After being selected out of 20 competitors, the remaining singers are now looking forward to the final of the international singing contest.
Valentina Naforita, of Maldova, and Ukraine's Andrei Bondarenko are competing in both the Song Prize and Sunday's grand final.
Both said it was a "dream come true".
The Song Prize, and £5,000, will be awarded on Friday, after the finalists perform their own choice of song in front of an audience and jury of world class musicians.
Baritone Bondarenko, 24, said he hopes to match the achievements of his idol, bass baritone Bryn Terfel, the Song prize winner in 1989.

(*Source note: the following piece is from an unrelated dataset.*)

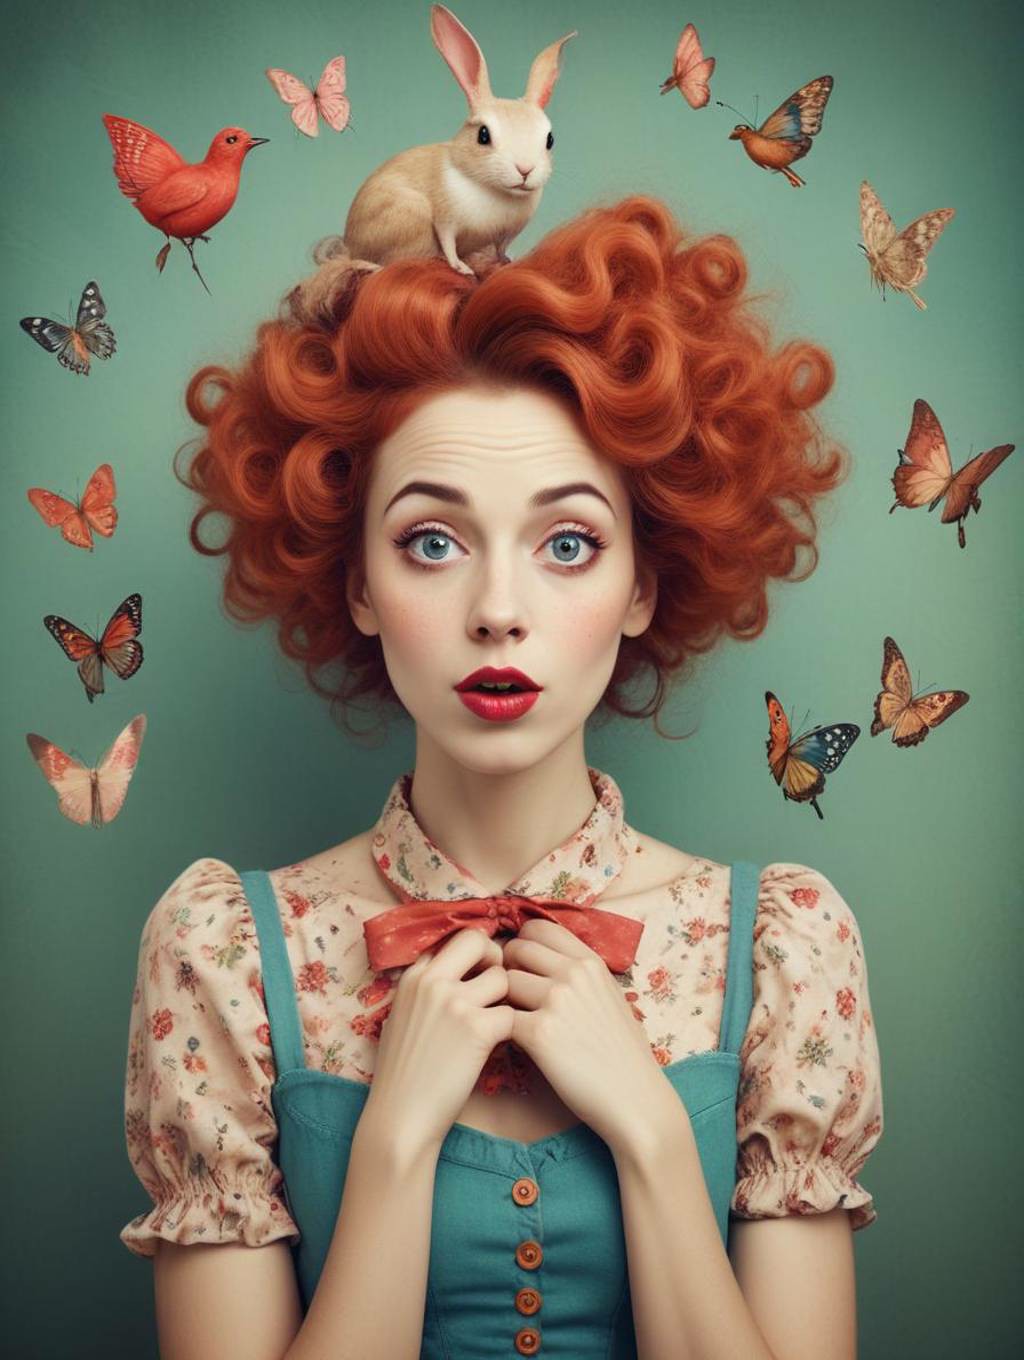 Whimsical & Quirky Women: Art Frames & Portrait Photography-Theme:6
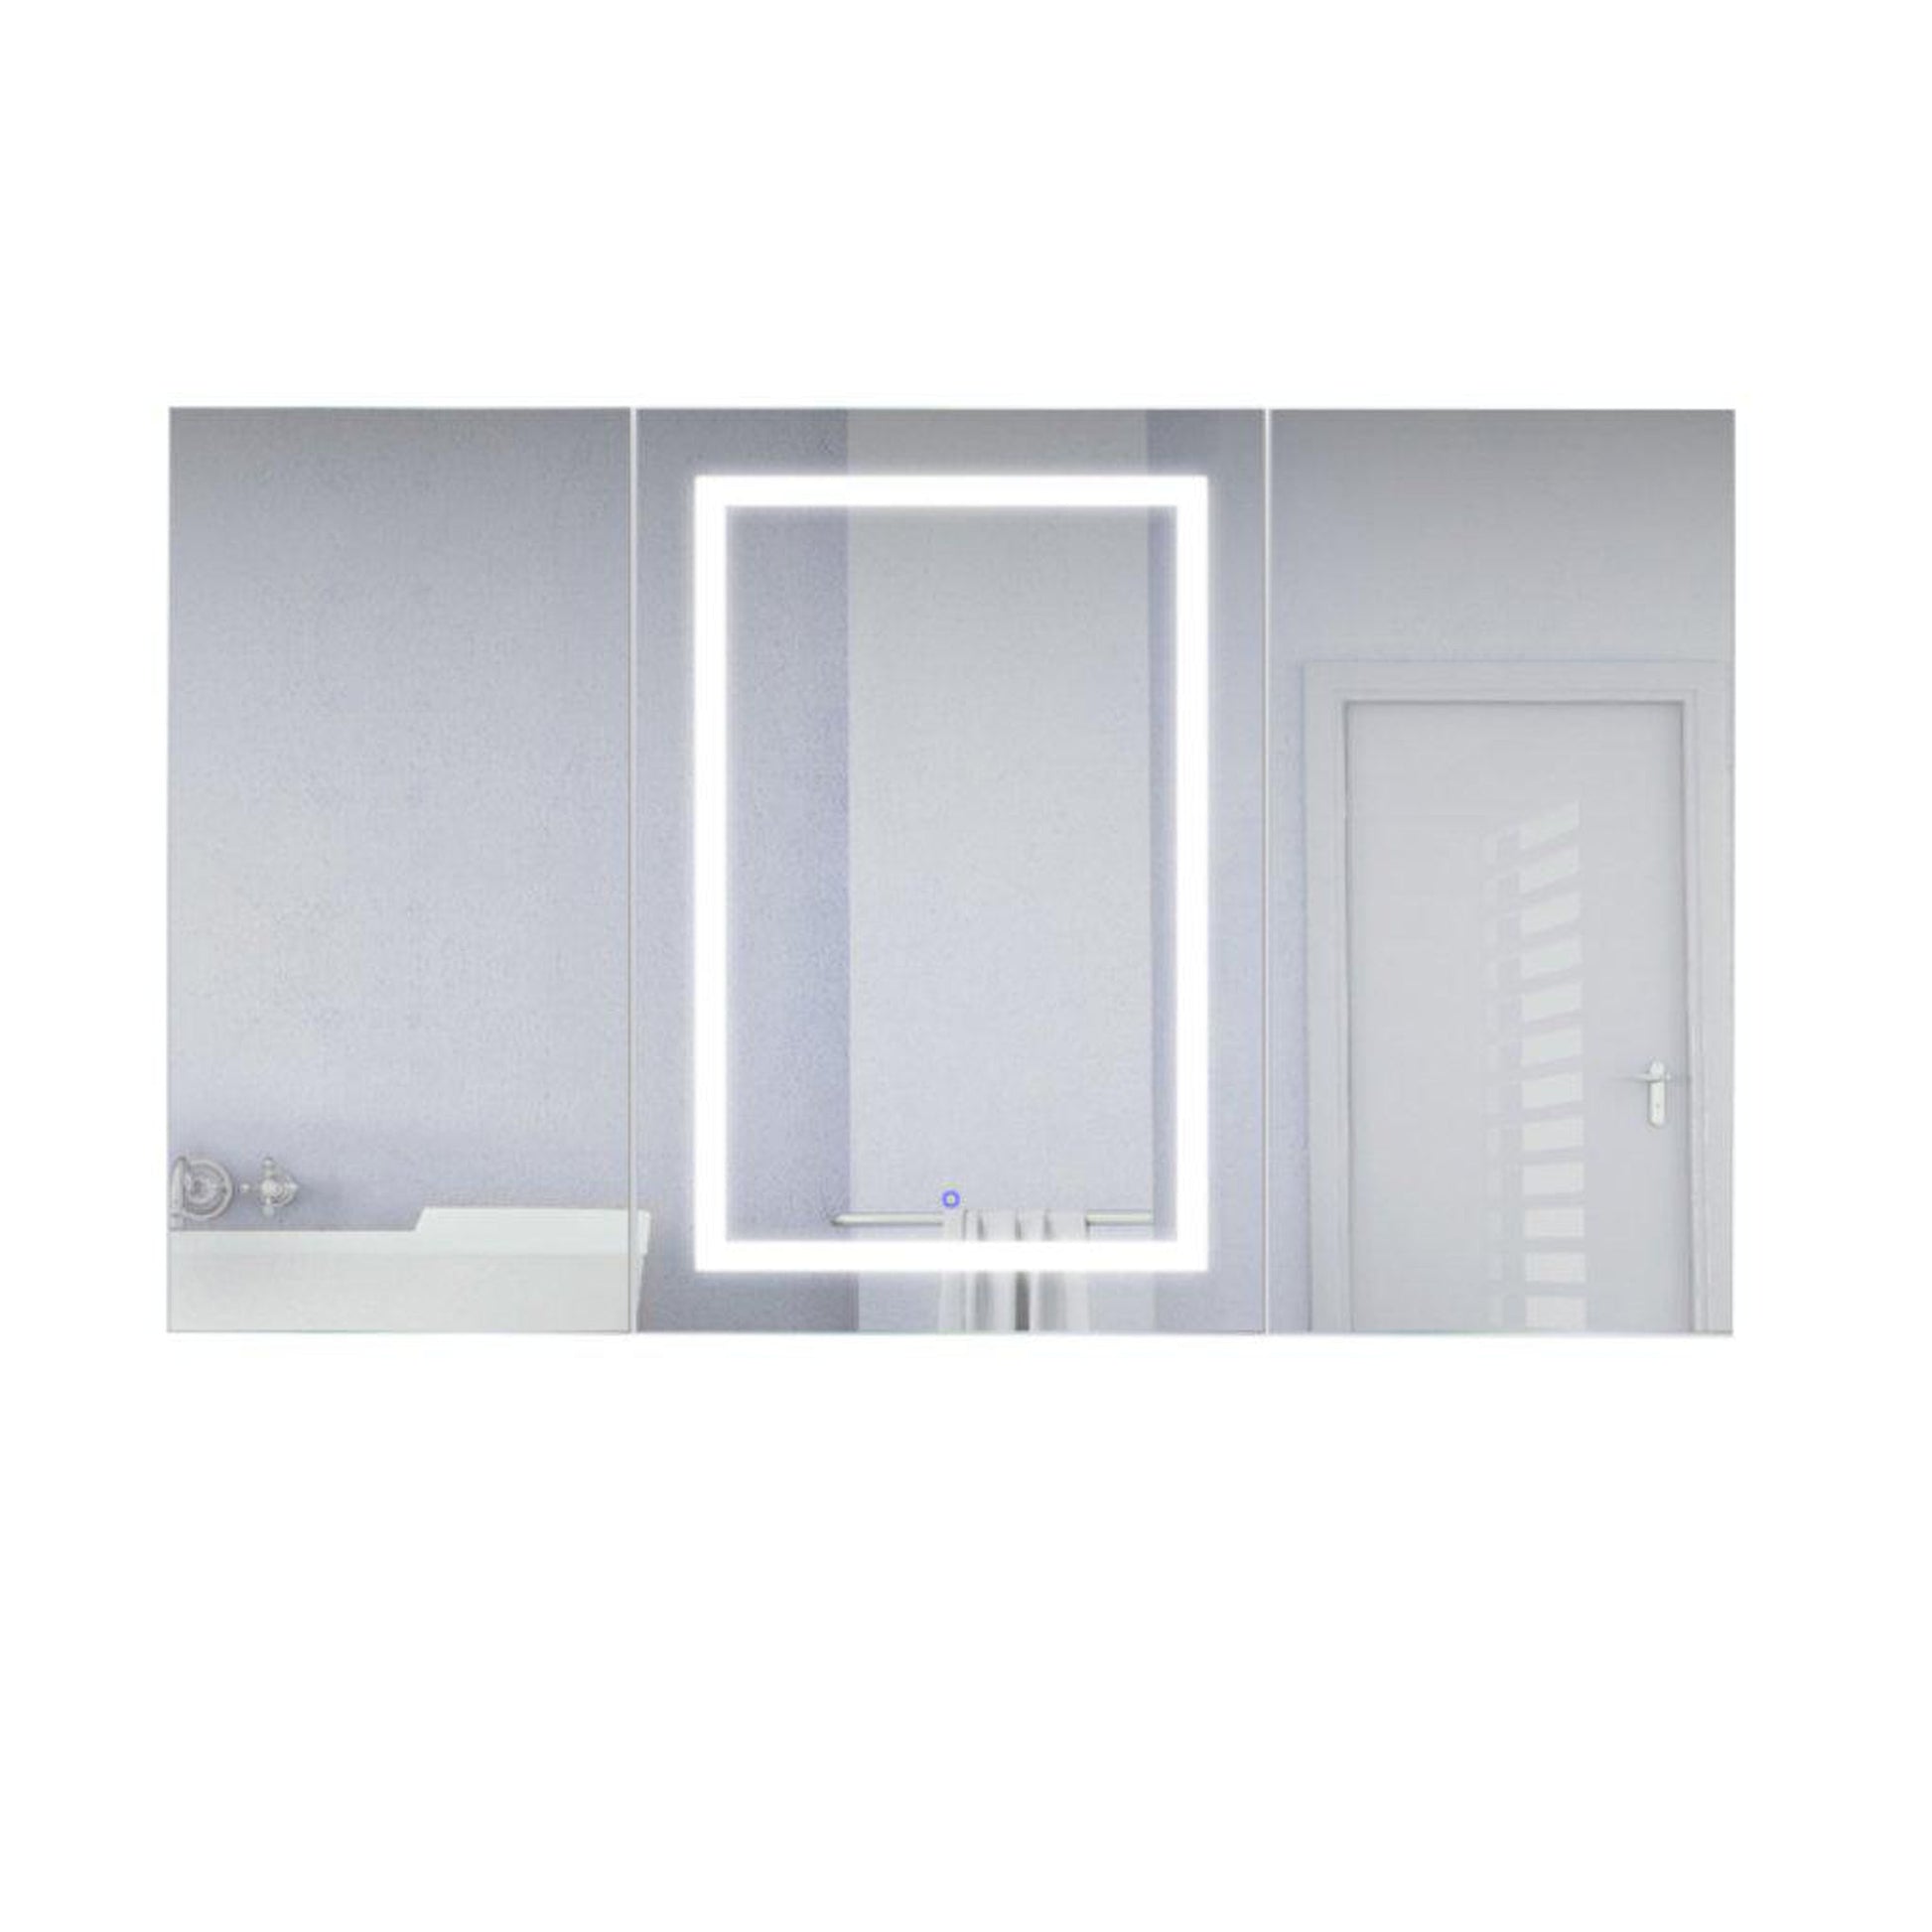 Krugg Reflections Svange 60" x 36" 5000K Single Tri-View Left-Right-Right Opening Recessed/Surface-Mount Illuminated Silver Backed LED Medicine Cabinet Mirror With Built-in Defogger, Dimmer and Electrical Outlet

"Bryn Terfel has a mixture of everything an opera singer must have - he has a wonderful singing voice, is a wonderful actor and a great musician," he said.
Other finalists in the Song Prize are Leah Crocetto of USA, Maire Flavin of Ireland and Olga Kindler of Switzerland.
On Sunday, Bondarenko and Nafornita will compete against three other finalists - Olesya Petrova, from Russia, England's Meeta Raval and Hye Jung Lee, of South Korea - for the main trophy and £15,000.
Winning the prestigious accolade would be the icing on the wedding cake of 24-year-old Nafornita, who got married only a month ago.
"It's a big honour just to be in the final," she said.
"I don't have these kinds of experiences - I've met very nice people, sang to great audiences with a great orchestra and conductor.
"I only got married a month ago so I've had two massive events in my life."
A former pop singer, who also enjoys ballet, Nafornita has not looked back after discovering opera when she was 17.
She graduated from the Stefan Neaga Music College in Kishinev in 2006 and continued her training at Romania's National University of Music.
'Wonderful teacher'
She has sung with the Romanian National Opera and the Romanian Athenaeum in Bucharest. Later this year she will sing Norina Don Pasquale at the Bucharest National Opera House.
"I don't know if it's possible to sing both kinds of music," she said
"If you want to do opera, you only do opera," she said, adding that her own musical idol is the competition's patron and judge Dame Kiri Te Kanawa.
Bondarenko, who also plays the saxophone, found his baritone voice at the age of only 13.
He trained at the National Tchaikovsky Academy of Music in Kiev and has been a soloist at the Mariinsky Academy of Young singers since 2007, which his wife Eleonora Vindau also attends.
This year, he is taking part in a new Michael Sturminger project, The Giacomo Variations, alongside actor John Malkovich.
"When I started saxophone lessons at the age of 10 I knew I wanted to be a musician," he said.
"Then I met a wonderful vocal teacher and he taught me to love opera."
Established in 1983 by BBC Cymru Wales, past winners of the competition include Karita Mattila, Dmitri Hvorostovsky, and the 2009 winner Ekaterina Scherbachenko.